Ambassador Trentino: I've said enough, I'm a man of few words.
Rufus T. Firefly: I'm a man of one word: Scram.
Ambassador Trentino: Chicolini, your partner has deserted you but I'm still counting on you. There is a machine gun nest near Hill 28. I want it cleaned out.
Chicolini: All right, I'll tell the janitor.
Rufus T. Firefly: I got a good mind to join a club and beat you over the head with it.
Mrs. Teasdale: Oh, I want to present to you Ambassador Trentino of Sylvania. Having him with us today is indeed a great pleasure.
Ambassador Trentino: Thank you, but I can't stay very long.

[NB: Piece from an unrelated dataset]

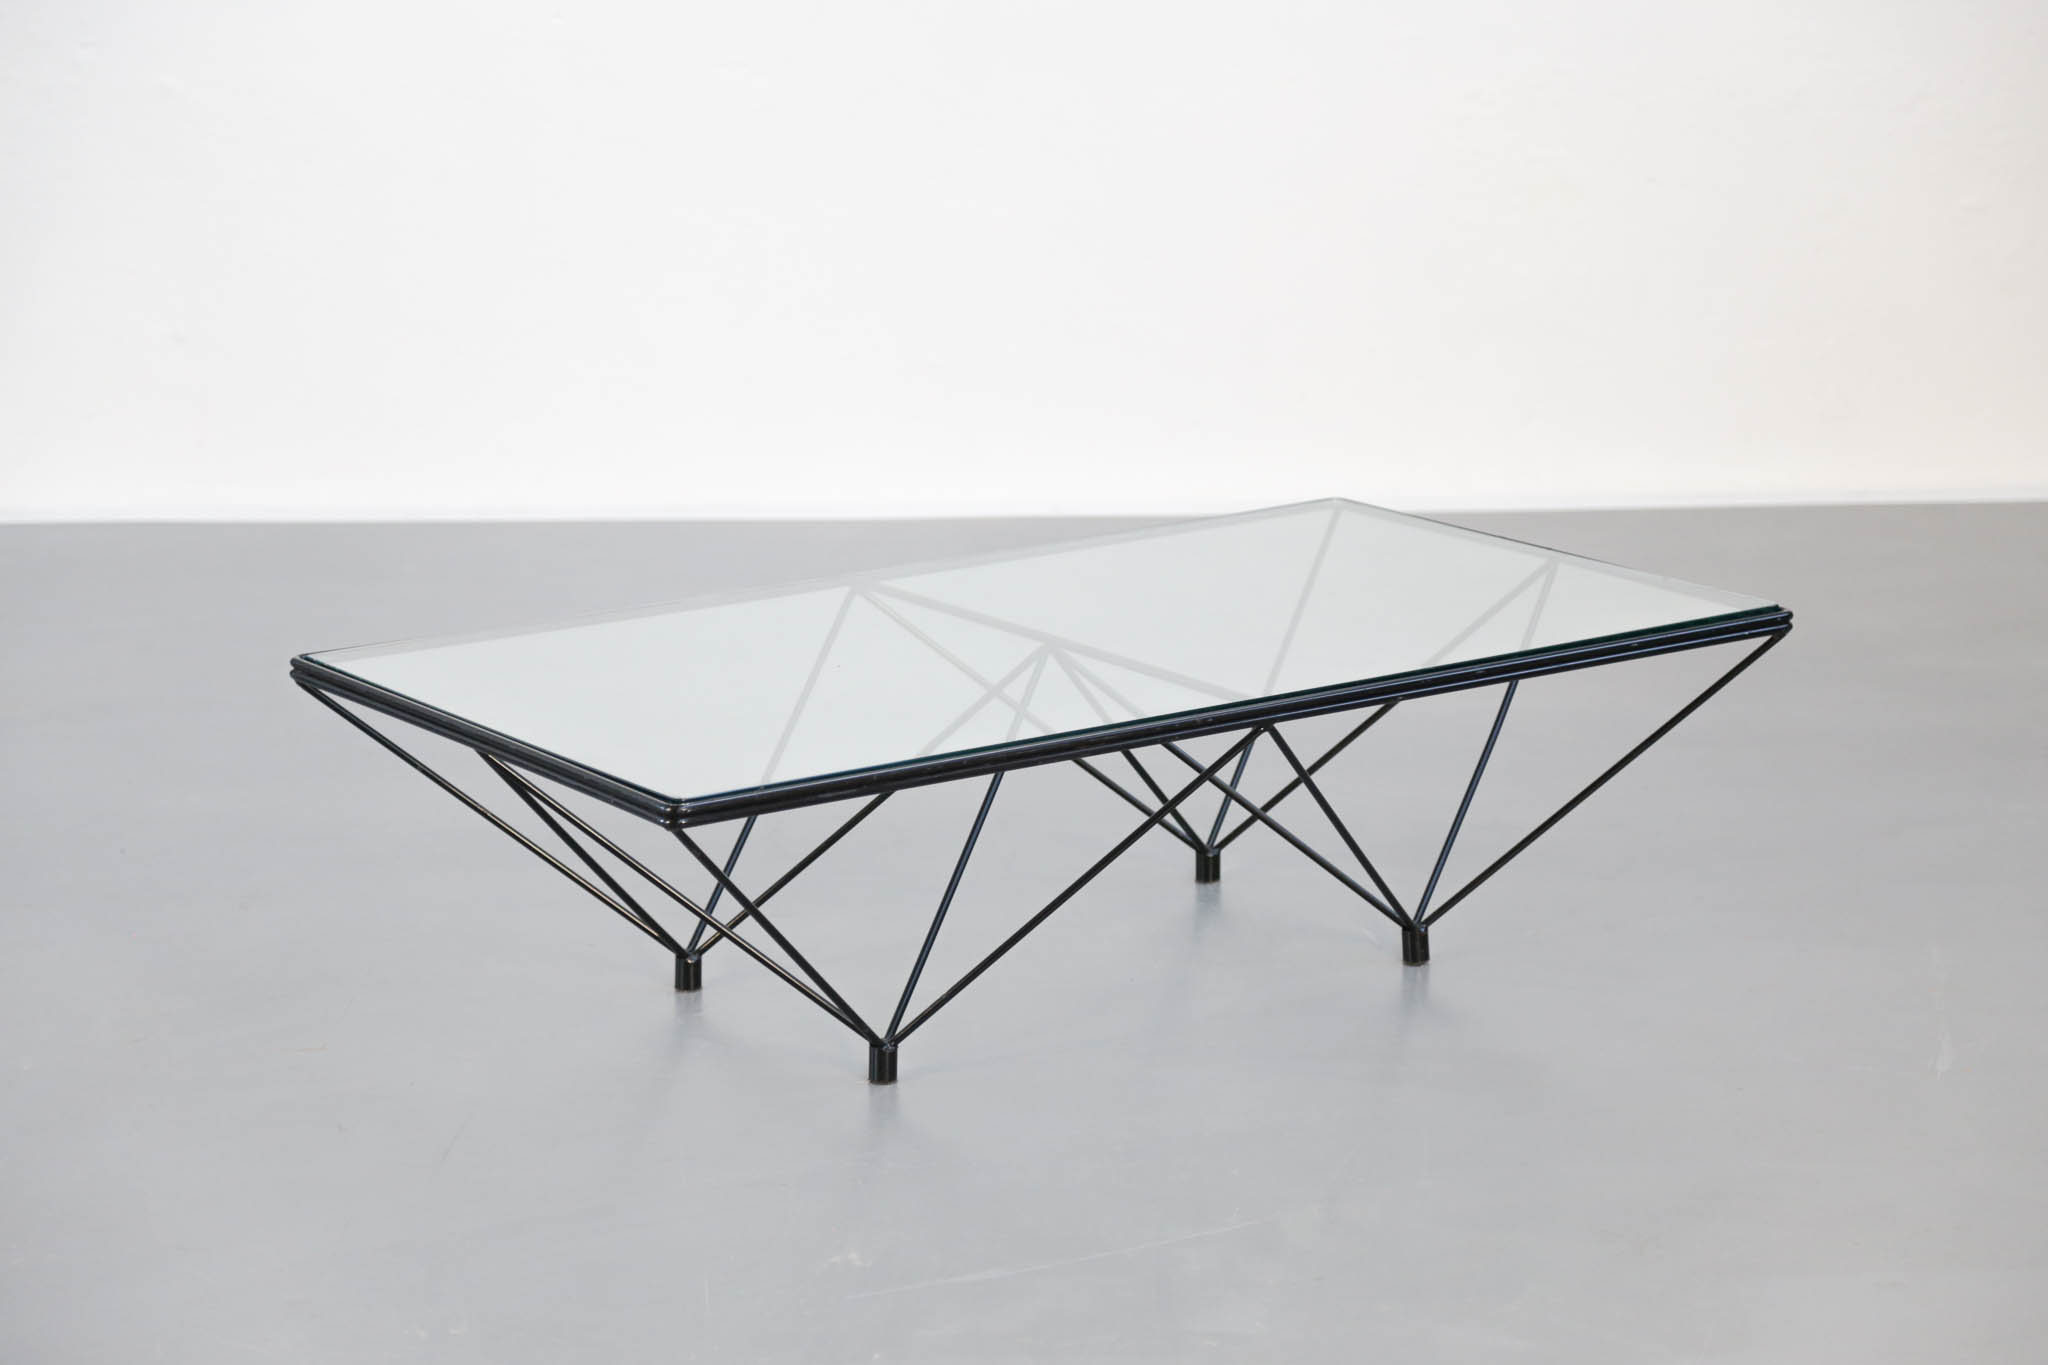 Table Basse Design Italien Excellent Best Great Tables

Rufus T. Firefly: That's even a greater pleasure.
Rufus T. Firefly: Well, maybe I am a little headstrong. But, I come by it honestly. My father was a little headstrong. My mother was a little armstrong. The headstrongs married the armstrongs and that's why darkies were born.

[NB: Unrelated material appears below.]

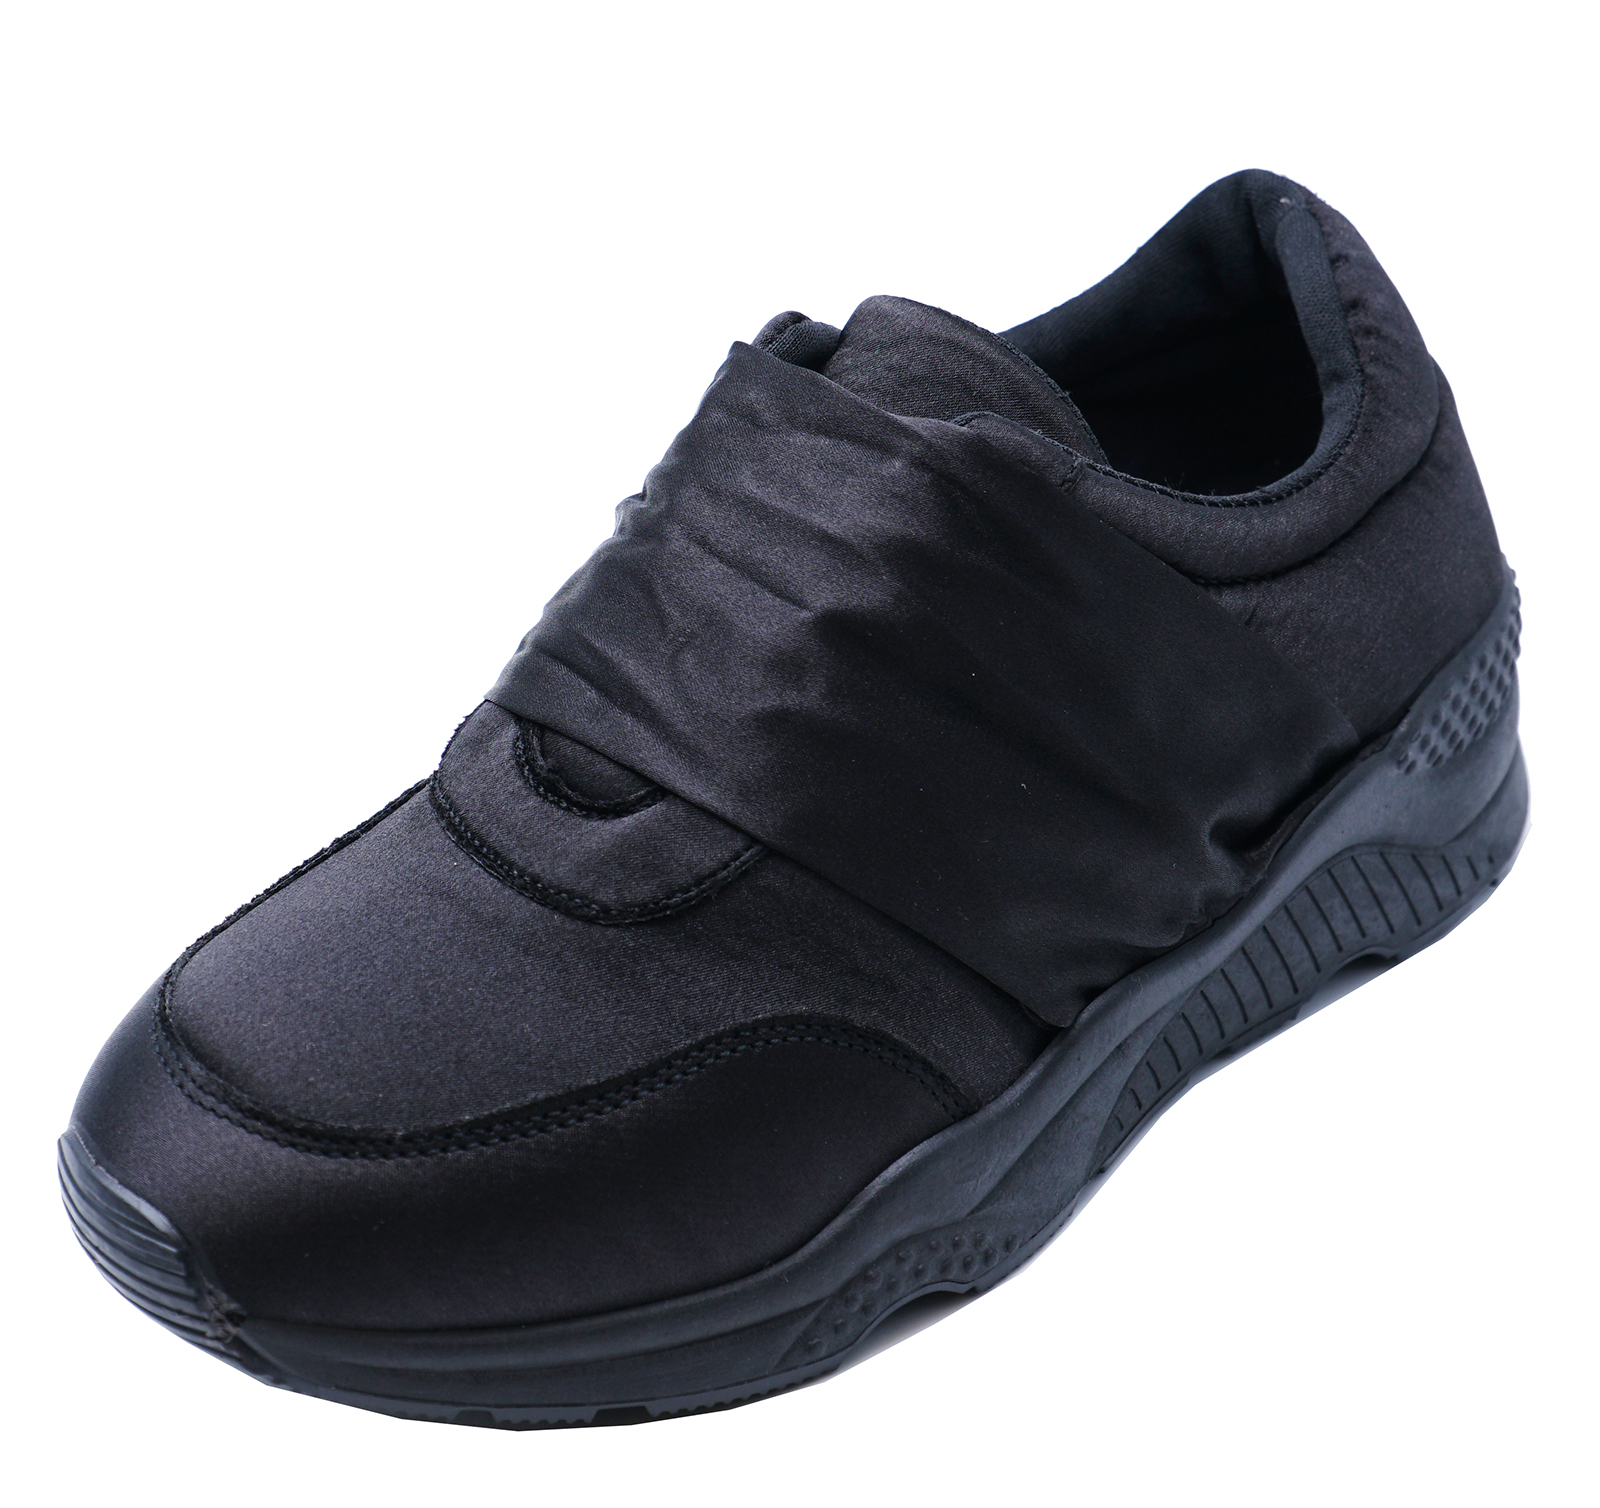 LADIES-BLACK-SATIN-SLIP-ON-TRAINERS-NURSE-PUMPS-PLIMSOLLS-FLAT-SHOES-SIZE-3-8

Rufus T. Firefly: Married. I can see you right now in the kitchen, bending over a hot stove. But I can't see the stove.
Bob Roland: Message from the front, sir.
Rufus T. Firefly: Oh, I'm sick of messages from the front. Don't we ever get a message from the side? - What is it?
Bob Roland: General Smith reports a gas attack. He wants to know what to do.
Rufus T. Firefly: Tell him to take a teaspoonful of bicarbonate baking soda and a half a glass of water.
Rufus T. Firefly: Here are the plans of war. They're as valuable as your life. And that's putting them pretty cheap. Watch them like a cat watched her kittens. Have you ever had kittens? No, of course not, you're too busy running around playing bridge. Can't you see what I'm trying to tell you, I love you.